CAMINHOS POSSÍVEIS (E DESEJÁVEIS) PARA UMA REAL REPRESENTAÇÃO DA SOCIEDADE AMAPAENSE
As formas de combater esse aspecto social e político tão opressivo e que reduzem o cidadão como "lixo" estão nas práticas coletivas. O povo falando para o povo, sendo representado por ele mesmo, tendo condições para isso e renovação de repertório das organizações sociais. Nos dias atuais, o engajamento é muito importante para o mundo real e o mundo virtual. É importante fazer a leitura destes dois mundos que hoje se confundem para não repetirmos erros do passado. O processo de escuta é muito importante para entendermos a realidade de cada morador, cada grupo social. O processo de deslocamento territorial, que é muito dificultado por uma negligência de políticas públicas, também é uma questão a ser colocada. Muitos interiores possuem acesso dificultado a serviços básicos e acesso à informação. Pensar modos de conectar estas populações e interligarem questões relativas aos seus modos de vida é um dos horizontes que temos que alcançar.

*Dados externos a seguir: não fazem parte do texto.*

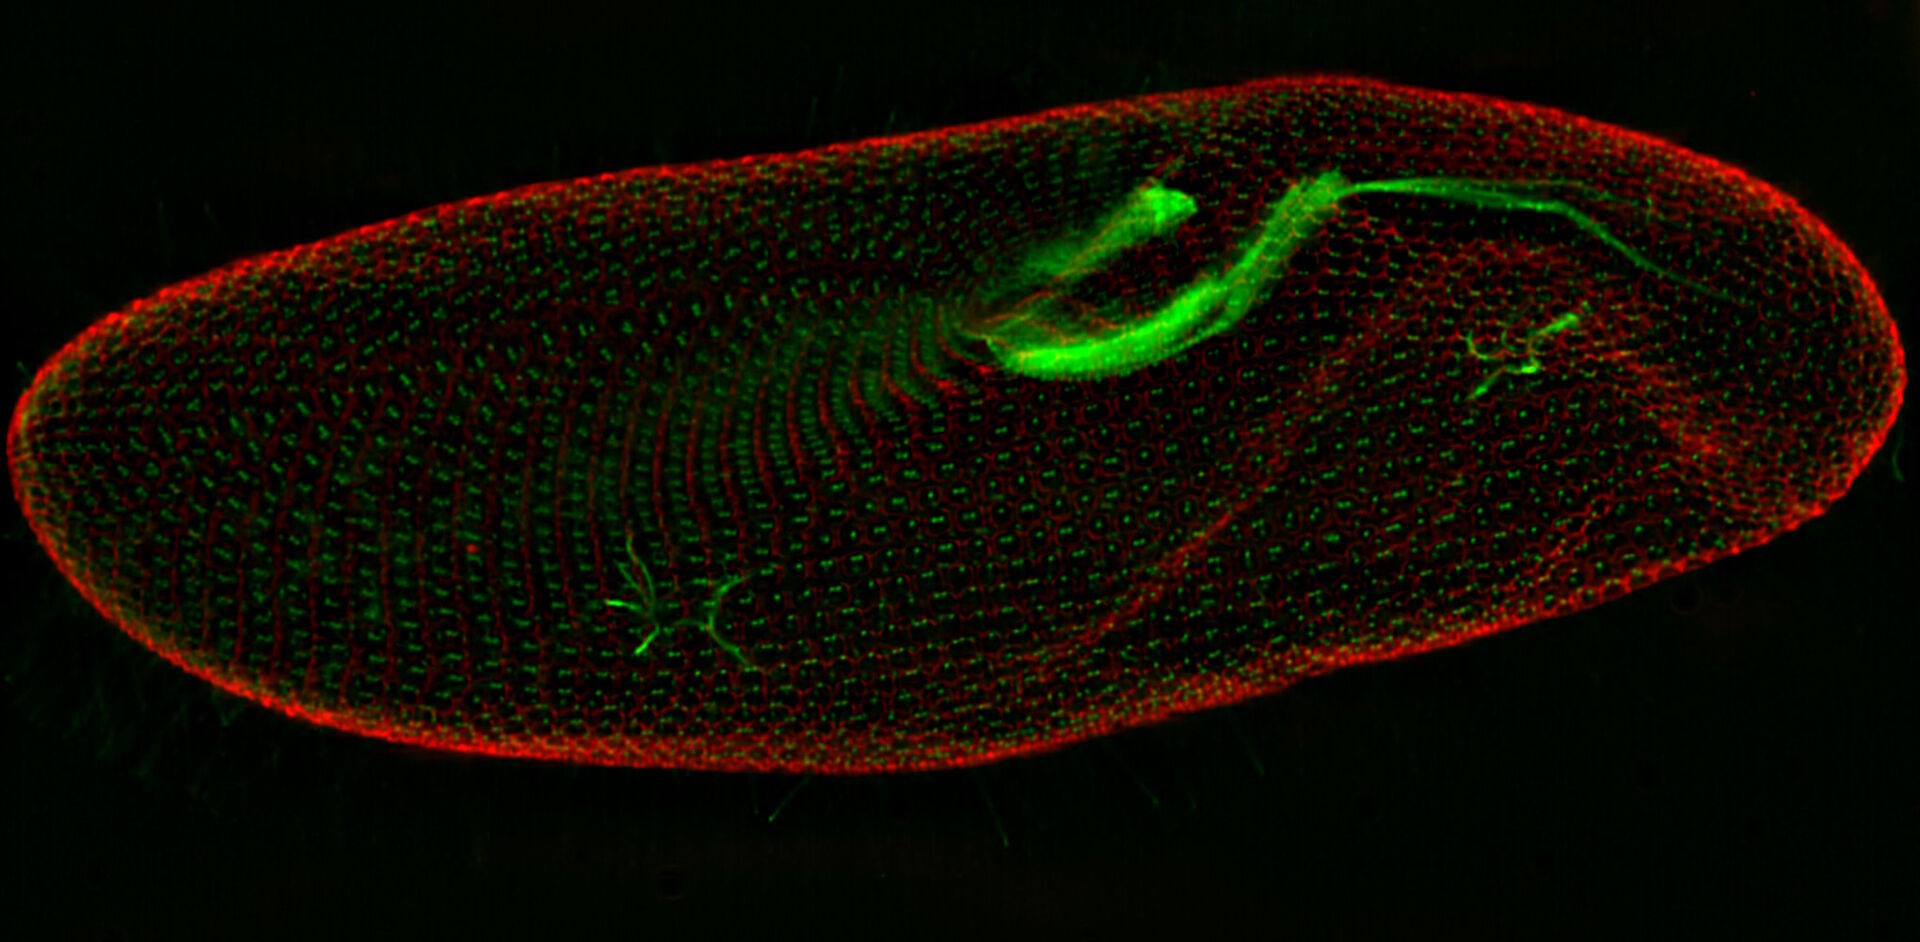 Widefield fluorescence microscope image of a paramecium after computational clearing.
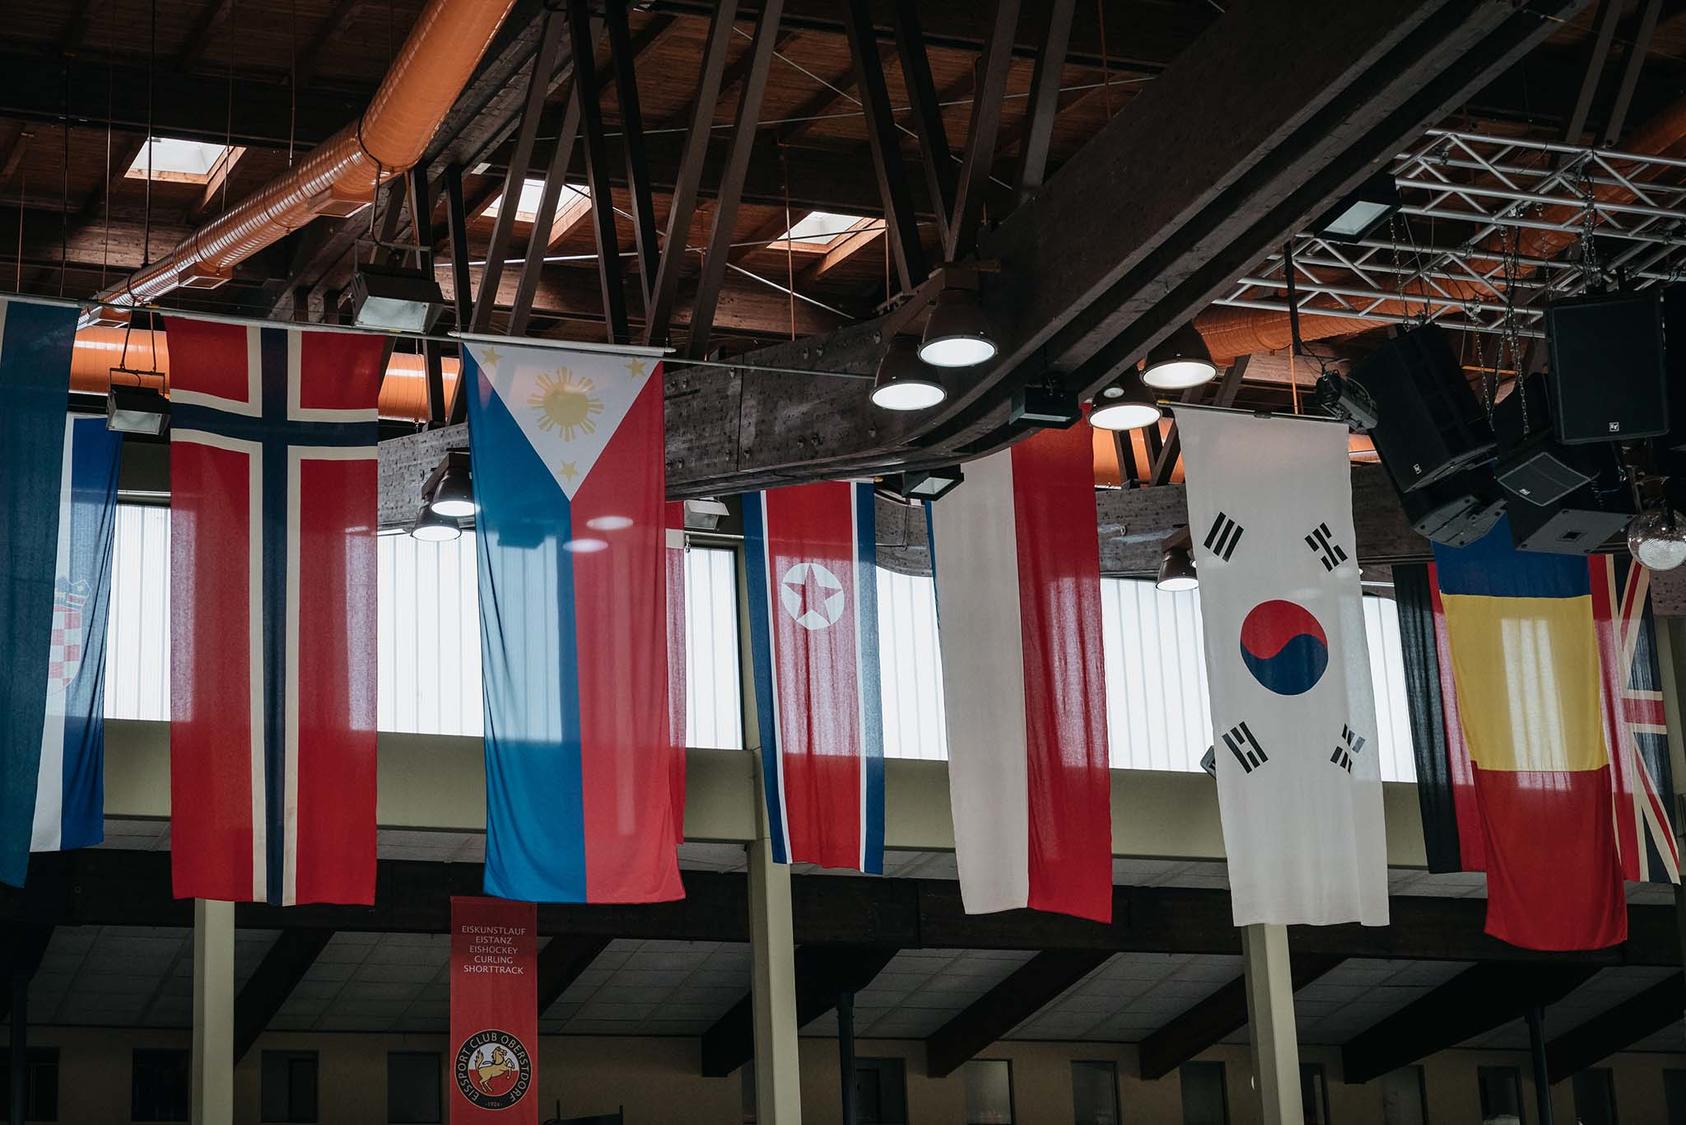 The North Korean flag, third left, hangs with those of other nations at the site of a figure skating competition in Oberstdorf, Germany, Sept. 27, 2017. Korea. (Jun Michael Park/The New York Times)

Pretos, pobres, periféricos, indígenas, quilombolas e movimentos como LGBTQIAP+, ambientalistas, de trabalhadores e moradores de conjuntos habitacionais ocupam posições muito importantes na organização social e política amapaense, e são a população que mais sofre com a falta com a omissão e a falta de respeito com essa elite que ocupa as cadeiras da política. É necessário potencializar essas vozes emergentes dentro da estrutura política, conduzir a formação política para a justiça social, financiamento partidário para futuras candidaturas dessas populações e não apenas favorecer "caciques" de partidos, podendo ser possível também o financiamento coletivo previsto pelo Código Eleitoral. É preciso pressionar por tratamento mais justo e igualitário nos partidos, movimentos e coletivos, e transformar a desinformação e o silenciamento da população amapaense em conscientização e estratégias para a pensar a vida do povo no estabelecimento de seus direitos e de reconhecimento de sua própria história. As redes sociais (reais e virtuais) precisam ser acionadas para a potencialização da representação da população. O senso de comunidade, de ação, de intervenção nos moverá a reivindicar a própria história, a própria existência, o próprio senso de poder estabelecer diretrizes para a vida política e social.